Thu May 30, 2013, 01:33 PM
May 2013

He finally lost his Senate seat because Republicans in the GWB years nationally moved so far into Wackoville that voters in his state couldn't stand pulling the lever for a Republican

I'm not gonna get all bent outta shape that he's joined our team

MADem

(135,425 posts)
45. Particularly since he endorsed Obama's 2008 run and was co-chair of his reelection campaign!!
Thu May 30, 2013, 01:51 PM
May 2013

He's been with us, in one way or another, for some time, now. This is simply a formality.

Response to Atman (Original post)

 

Liberal_Stalwart71

(20,450 posts)
50. Lincoln Chaffee voted against the Iraq invasion when many Democrats voted for it.
Thu May 30, 2013, 02:16 PM
May 2013

He is not ashamed to be for marriage equality and reproductive choice.

He is likely MORE liberal than many Democrats.

I welcome the news!

Fearless

(18,421 posts)
56. Well done. He knows the coat tails he needs to cling to.
Thu May 30, 2013, 02:51 PM
May 2013

Not to worry though. Rhode Island voters will shake him off like a bad case of fleas.

 

Liberal_Stalwart71

(20,450 posts)
65. And you know this how? They voted for Whitehouse who is probably one of the most
Thu May 30, 2013, 04:07 PM
May 2013

liberal senators we have.

Fearless

(18,421 posts)
66. Because when choosing between a DINO and a Democrat
Thu May 30, 2013, 04:13 PM
May 2013

Voters will pick the real thing. I'll predict he will be elected once as a Democrat because he will ride the momentum of of the announcement. And when he, as a DINO kinda supports democratic policies and kinda doesn't, he will be seen as a weak democrat and primaried or worse lose to an actual Republican while the Democratic base is demotivated to go to the polls because of the lesser-of-two-evils choice they'd have to make in a general election.

booley

(3,855 posts)
60. consequence of the republican move to the right
Thu May 30, 2013, 03:02 PM
May 2013

As the GOP becomes ever more extreme, the rest of their party gets squeezed out. We can count moderate republicans and still have fingers. Meanwhile Liberal republicans are like thylacines. History records they once existed but few can recall ever having seen one.

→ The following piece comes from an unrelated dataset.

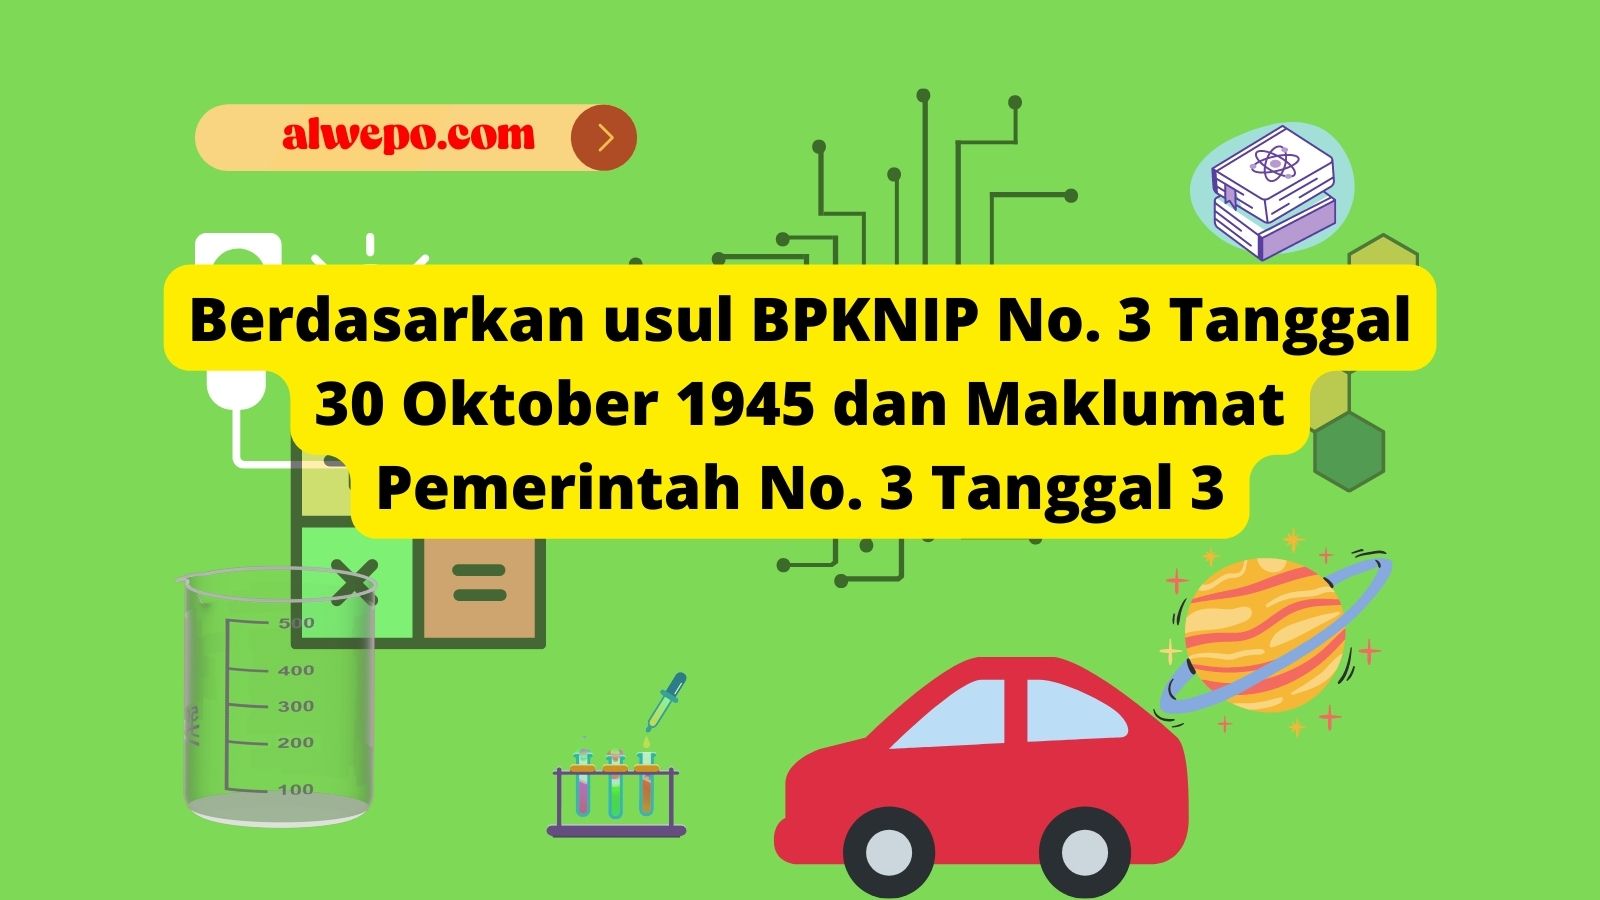 Berdasarkan usul BPKNIP No. 3 Tanggal 30 Oktober 1945 dan Maklumat Pemerintah No. 3 Tanggal 3

Well, where do you think those guys go when they get pushed out of their party?

While the GOP has become more ideologically narrow, the Democrats have become even more broad. The Demcrats have conservatives and moderates and a stable group of liberals.

That's both good and bad.

Sure the Democrats get more votes. But public political discourse covers the entire spectrum of right to far right with a little center left thrown in for flavor.

zipplewrath

(16,646 posts)
79. Exactly
Thu May 30, 2013, 08:27 PM
May 2013

It's hard to have a "debate with yourself" when one party covers the entire range of political ideas. Everyone must be accommodated and so everything gets watered down. You don't get an "either or" it is constantly and "average of good and bad".

 

forestpath

(3,102 posts)
72. He wants to privatize Social Security. FUCK HIM. He is NO Democrat no
Thu May 30, 2013, 05:14 PM
May 2013

matter what he calls himself.

Recursion

(56,582 posts)
84. The few remaining New England R's are as liberal as the median D
Fri May 31, 2013, 07:10 AM
May 2013

We should welcome party switches like this.